Dawn thought she had gone far enough away — across the country — to forget those soft-spoken well-meaning messages. But the look in her daughter’s eyes was the same as hers had been. It was a tattoo she thought she’d removed but here it was resurfacing this time on her daughter’s heart. “We have a present for you ” Dawn’s mother said to Shoshi.

The words seared like hot coals through Dawn’s heart. They were going to tattoo it onto her daughter now.

Dawn’s mind flashed back to the Chanukah presents she’d gotten as a child. The ski pants she hated and the scarf she’d never wear. How she hated herself for hating the ski pants and not understanding why every year her parents bought her ski pants and a scarf and why with all their money they couldn’t find a present she’d love.

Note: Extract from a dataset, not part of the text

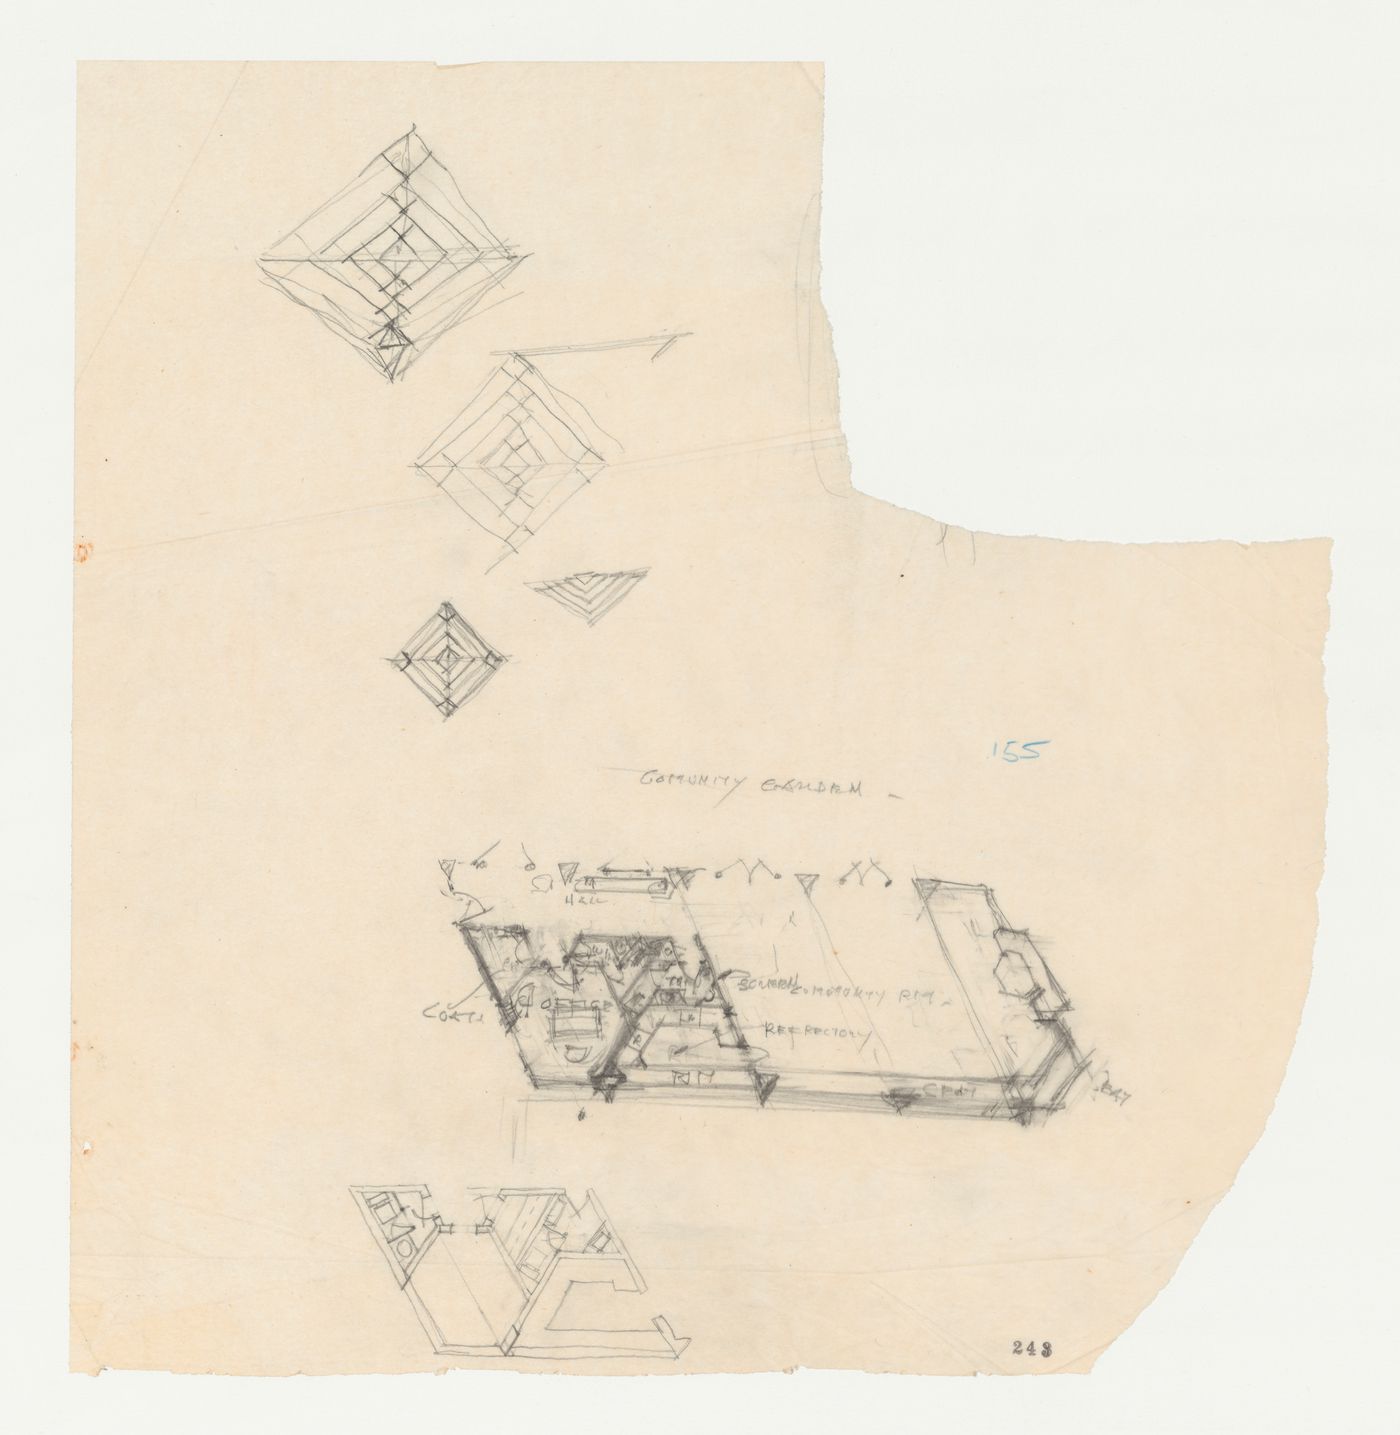 Wayfarers' Chapel, Palos Verdes, California: Two sketch plans for the parish house with sketches, possibly for a glass roof

Years passed she forgave and even mostly forgot. But she’d subconsciously committed never to inflict those same wounds. And yet here were her parents about to give the same present to Shoshi.

Dawn knew what was inside that bag. They had shown her the present when they arrived. “Look what we bought for Shoshi” they said holding up the small blue bag. They said it was a soft cashmere scarf and gloves for the winter. But California’s winters aren’t so cold.

Now Dawn tried to concentrate on the newspaper pulling it closer as her daughter opened the blue bag.

She tried not to watch as Shoshi pulled out the oversized pale-pink sloppily knit scarf. But the pain was all rushing back — and all the memories and the reasons. Her daughter held up the floppy too-long scarf majestically wrapping it around her throat graciously thanking her grandparents for their gift.

If it hurt — she didn’t show it.

Just the week before her daughter had seen a boy with a dislocated elbow screaming in pain at the playground. Someone had called a doctor who came and put the bone back into place.

The pain stopped immediately.

“Why does Hashem make it hurt so much?” Shoshi later asked.

Dawn answered nonchalantly “Because if it didn’t hurt we wouldn’t know something was broken or needed to be fixed.

Dawn knows the pain of a dislocation in life in emotions. Pain demands begs to be fixed.

She understood. That’s why it hurts.